A different set of lawyers would present the legal case differently and the same set of judges might return a different judgment.

I can't agree with the first sentence as it doesn't go far enough; they make their decision based on what's presented and how they interpret the law. Hence, all the "emanations from penumbras" entering the picture.

Here's an example. Common Core educational standards. Liberal judges find Constitutional support in their "emanations from penumbras" from whatever section of the Constitution that has captured their attention at the time. Rational people point to the following:

The powers not delegated to the United States by the Constitution, nor prohibited by it to the States, are reserved to the States respectively, or to the people.


That's Amendment X in case you're wondering. Judicial overreach is a very serious threat to the rule of law and retention of the Constitution as it's basis. Otherwise we have the rule of man.

Replies:   Geek of Ages  REP
Geek of Ages

@Jim S

Is jury nullification also a threat to rule of law?

Dominions Son

@Geek of Ages

Is jury nullification also a threat to rule of law?


Jury nullification, while legal in the US system, is exceedingly rare.

Replies:   Geek of Ages  sejintenej
Geek of Ages

@Dominions Son

So is so-called "judicial overreach". My question still stands.

Ernest Bywater

@Geek of Ages

Is jury nullification also a threat to rule of law?
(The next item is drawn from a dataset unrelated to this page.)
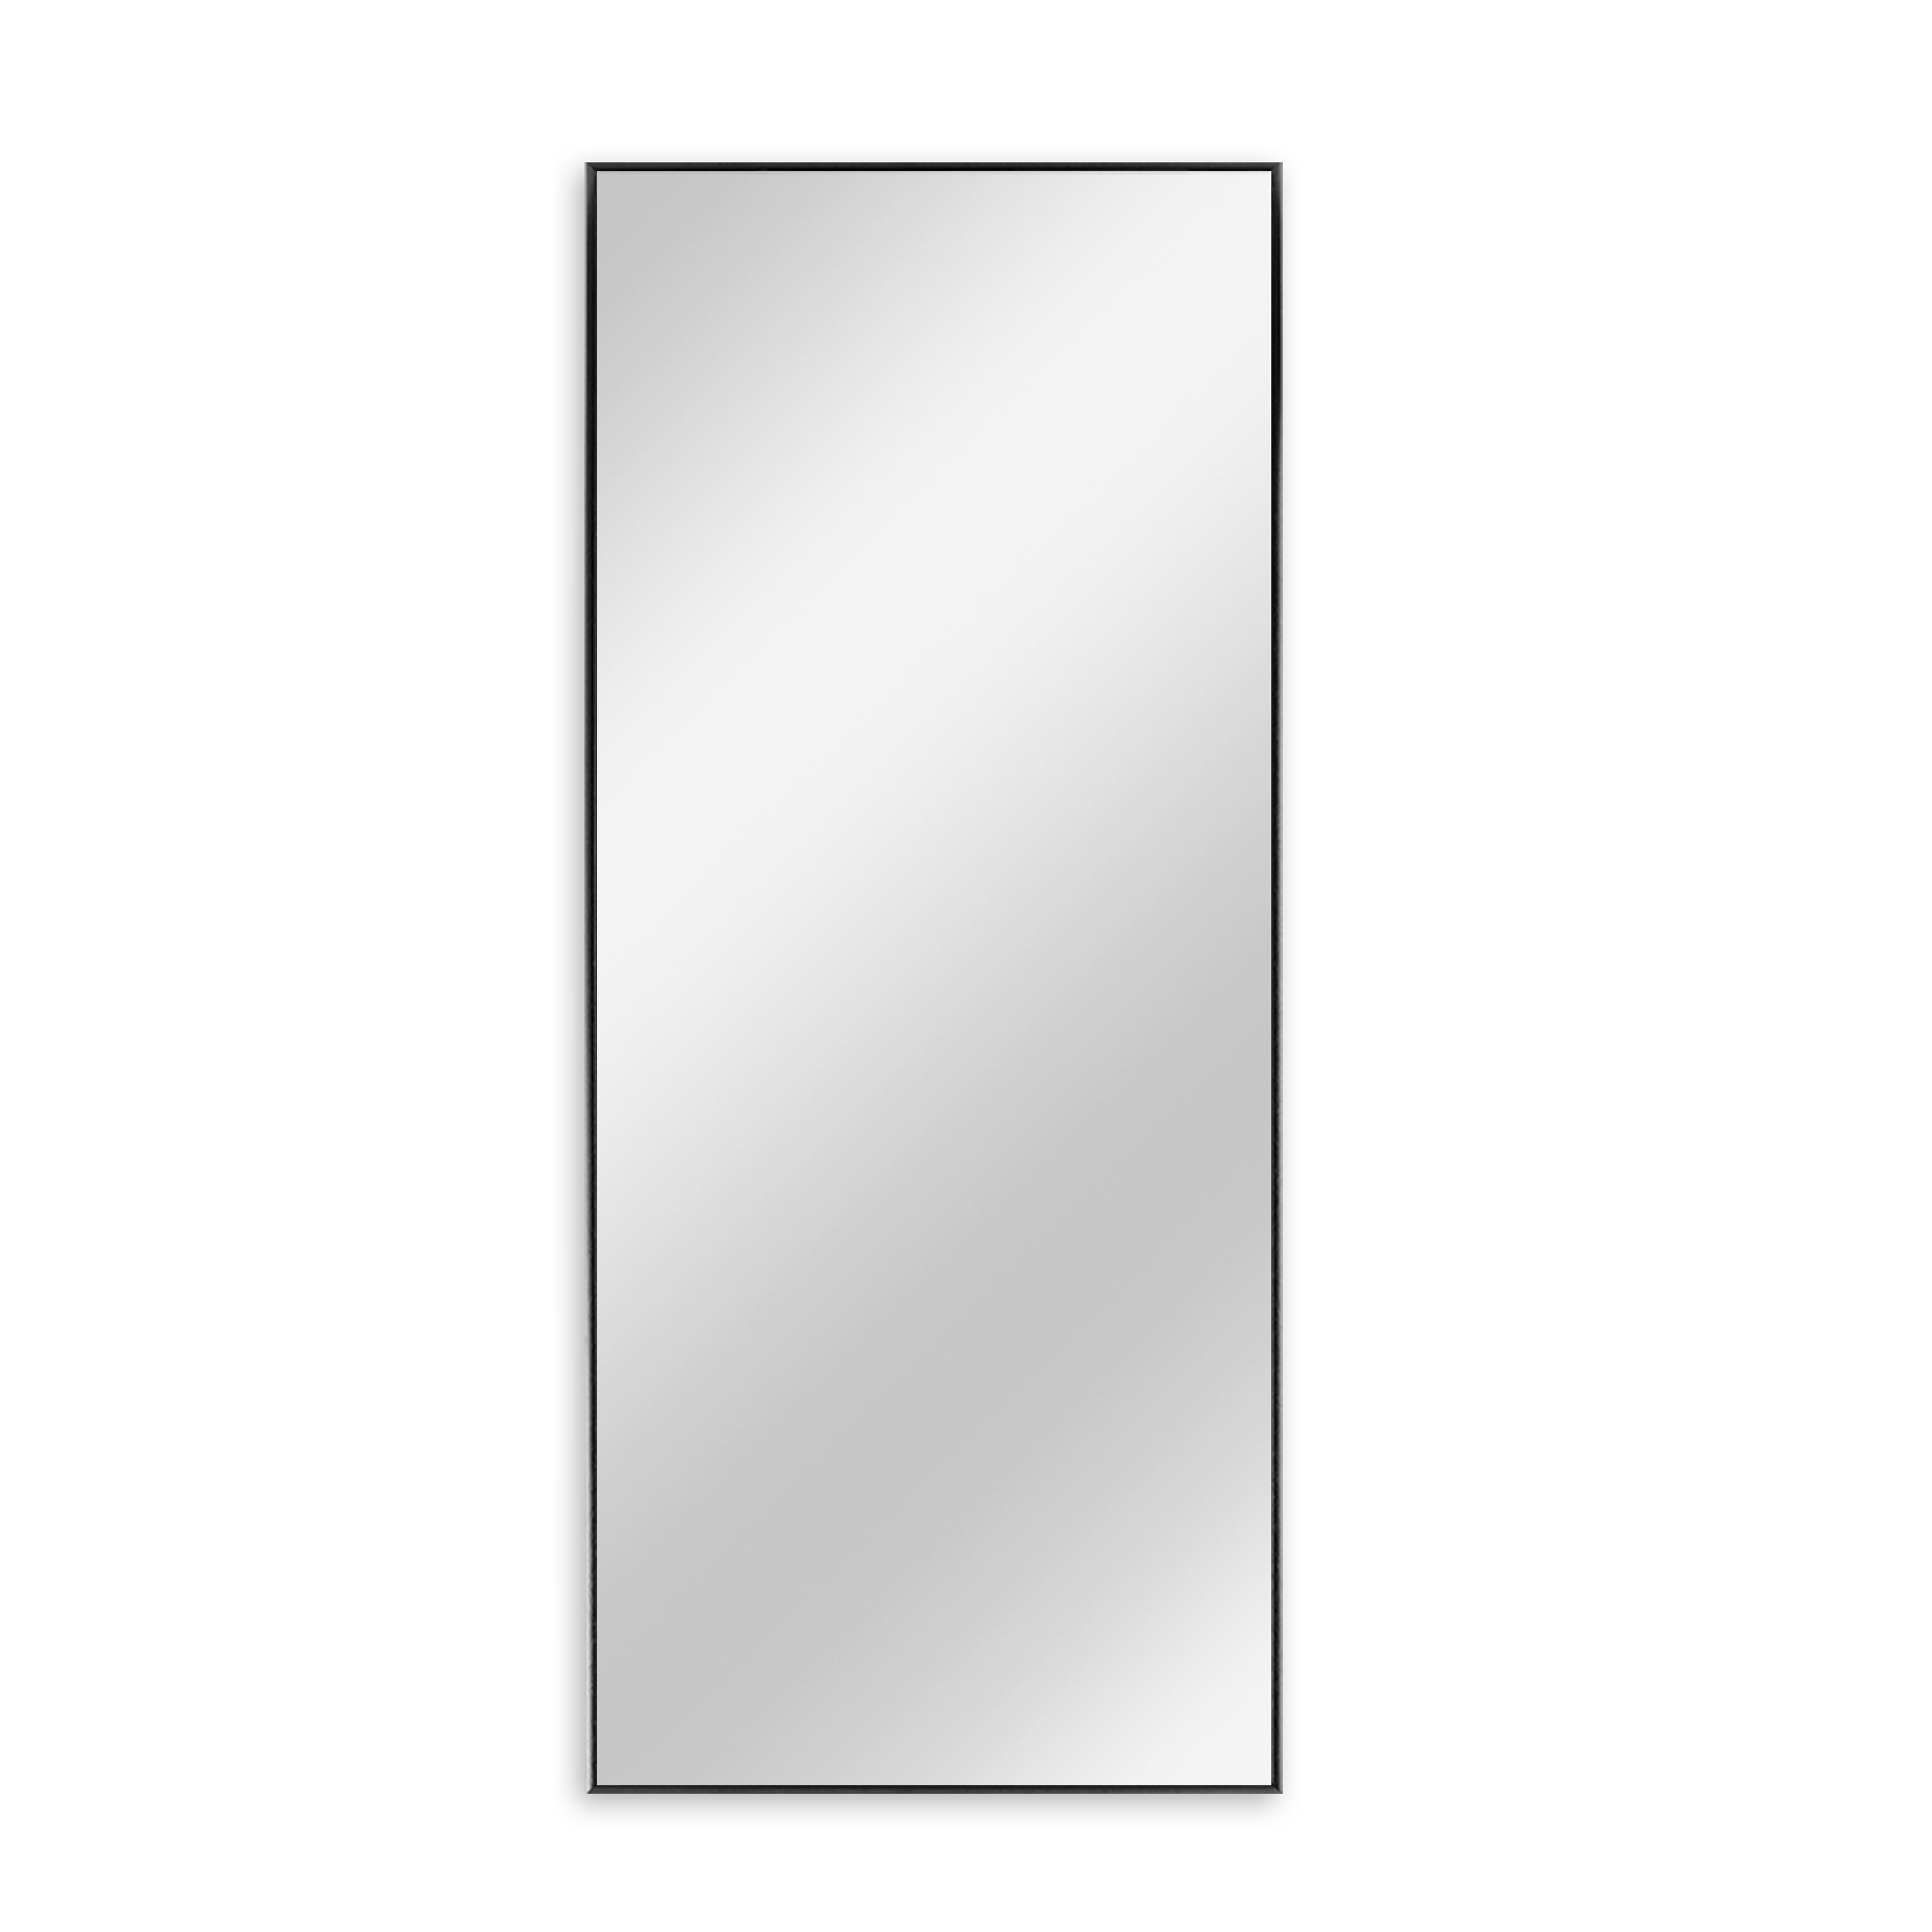 Minimal Black Rectangular Wall Mirror

No, it's a recognition there were exceptional circumstances the law didn't consider or the law is in need of a major review. Jury nullification is when the members of the jury decide the law was broken but the person was justified in doing so.

Replies:   docholladay  Joe Long
docholladay

@Ernest Bywater

Jury nullification is when the members of the jury decide the law was broken but the person was justified in doing so.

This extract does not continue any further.